Publication number: CN117875313B
Application number: CN202410279802.4A
Authority: CN
Inventors: 康占英; 黄惟; 王青; 肖峰; 徐伯辰; 刘优; 彭卓; 汤达夫; 李芳芳
Original assignee: Changsha Zhiwei Information Technology Co ltd
Current assignee: Changsha Zhiwei Information Technology Co ltd
Priority date: 2024-03-12
Filing date: 2024-03-12
Publication date: 2024-07-02
Anticipated expiration: 2044-03-12
Also published as: CN117875313A

Abstract

The application relates to a Chinese grammar error correction method and a system, wherein the method comprises the following steps: acquiring a primary text containing grammar errors; inputting the original text into a pretrained Bert model, and outputting a semantic representation vector; the semantic representation vector is respectively passed through two different feedforward neural networks with normalization to respectively obtain replication probability and error type probability, and an index value of the maximum value of the error type probability is returned, and the replication distribution vector is determined based on the index value of the maximum value; calculating to obtain editing tag probability based on the semantic characterization vector; fusing the editing tag probability, the copying distribution vector and the copying probability to obtain a final editing tag probability, and determining a final editing tag based on the final editing tag probability; modifying the original text based on the final editing tag; and obtaining the correct text until the original text is free of errors.

Description

Chinese grammar error correction method and system

Technical Field

The application relates to the technical field of Chinese grammar error correction, in particular to a Chinese grammar error correction method and a Chinese grammar error correction system.

Background

The Chinese grammar error correction method mainly comprises two schemes, namely a seq2seq mode based on a machine translation mode and a seq2 wait mode based on editing label prediction.
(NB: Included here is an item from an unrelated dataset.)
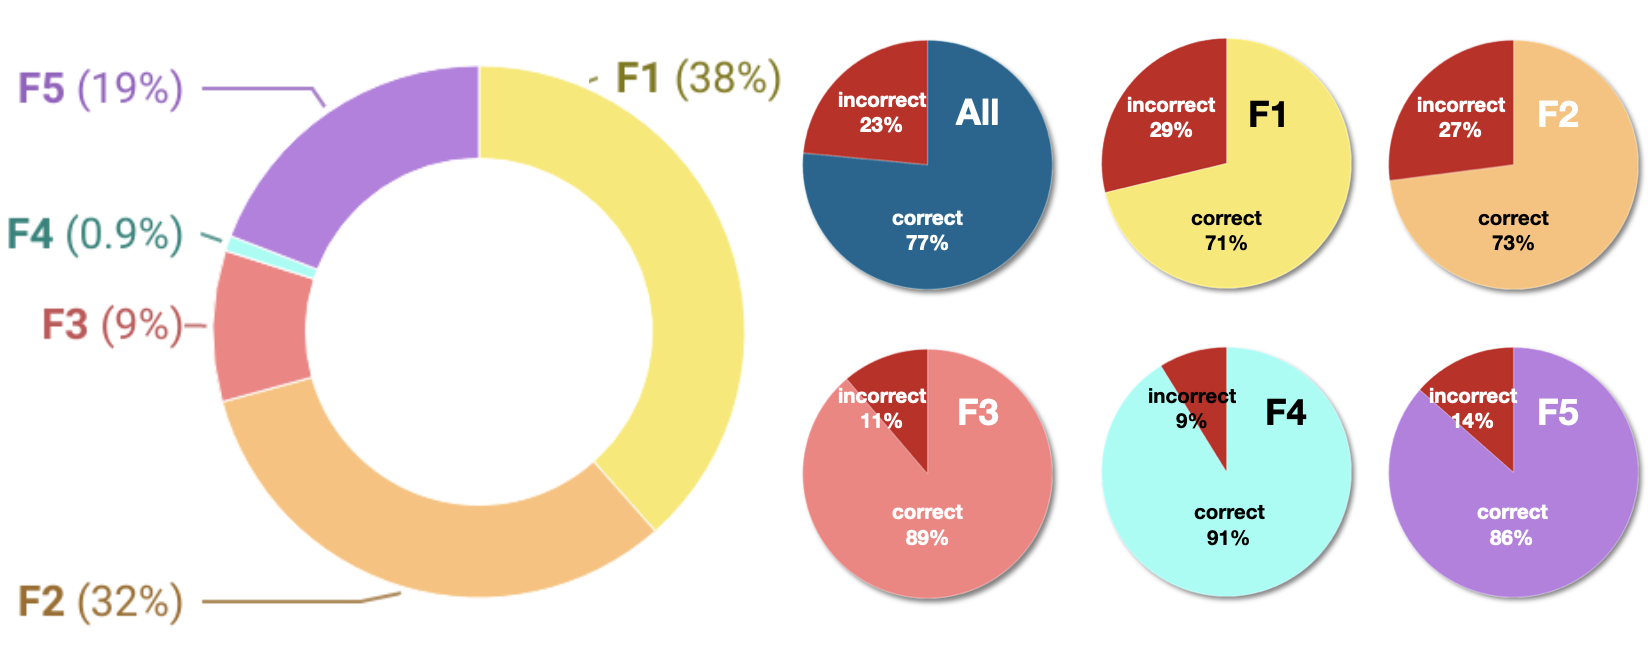 The distribution of formats is 38\%, 32\% 9\%, 0.9\%, and 19\% from F1~F5. The correct percentage is 77\%.

The seq2seq architecture based on machine translation has the problems of low reasoning speed and large quantity of training data because of being an autoregressive language model, and has poor interpretability, cannot distinguish the specific grammar error type of sentences, and cannot meet the requirement of actual production environment in terms of speed performance. The current seq2 wait architecture also has a plurality of problems, firstly, a Bert pre-training language model is formed by pre-training two tasks of shielding language modeling (MLM, masked Language Modeling) and context matching (NSP, next SENTENCE PREDICT), the pre-training task related to word insertion and deletion is lacked, and a grammar error correction task has a plurality of redundancy and missing errors; secondly, the requirement on the editing label is high, and the prediction space of the editing label is too large.

Disclosure of Invention

The application aims to provide a Chinese grammar error correction method and a Chinese grammar error correction system, which aim to improve the accuracy of Chinese grammar error correction.

The embodiment of the application provides a Chinese grammar error correction method, which comprises the following steps:

s1: acquiring a primary text containing grammar errors;

S2: inputting the original text to a pretrained Bert model, and outputting a semantic representation vector;

S3: the semantic characterization vector is respectively passed through two different two layers of feedforward neural networks with normalization to respectively obtain replication probability and error type probability, and an index value of the maximum value of the error type probability is returned, and a replication distribution vector is determined based on the index value of the maximum value;

calculating to obtain editing tag probability based on the semantic representation vector;

S4: fusing the editing tag probability, the copying distribution vector and the copying probability to obtain a final editing tag probability, and determining a final editing tag based on the final editing tag probability;

S5: modifying the original text based on the final editing tag;

s6: and repeating S2-S5 until the original text is free of errors, and obtaining the correct text.

The embodiment of the application also provides a Chinese grammar error correction system, which comprises:

the acquisition module is used for acquiring the original text containing grammar errors;

The characterization module is used for inputting the original text into the pretrained Bert model and outputting a semantic characterization vector;

The replication module is used for respectively passing the semantic characterization vectors through two different two layers of feedforward neural networks with normalization to respectively obtain replication probability and error type probability, returning an index value of the maximum value of the error type probability, and determining replication distribution vectors based on the index value of the maximum value;

The editing tag probability calculation module is used for calculating the editing tag probability based on the semantic characterization vector;

The editing tag prediction module is used for fusing the editing tag probability, the replication distribution vector and the replication probability to obtain a final editing tag probability, and determining a final editing tag based on the final editing tag probability;

The modification module is used for modifying the original text based on the final editing tag;

The iteration module is used for sequentially running the characterization module, the replication module, the editing tag probability calculation module, the editing tag prediction module and the modification module once to obtain a correct text, wherein the cycle is a cycle until the original text is free of errors.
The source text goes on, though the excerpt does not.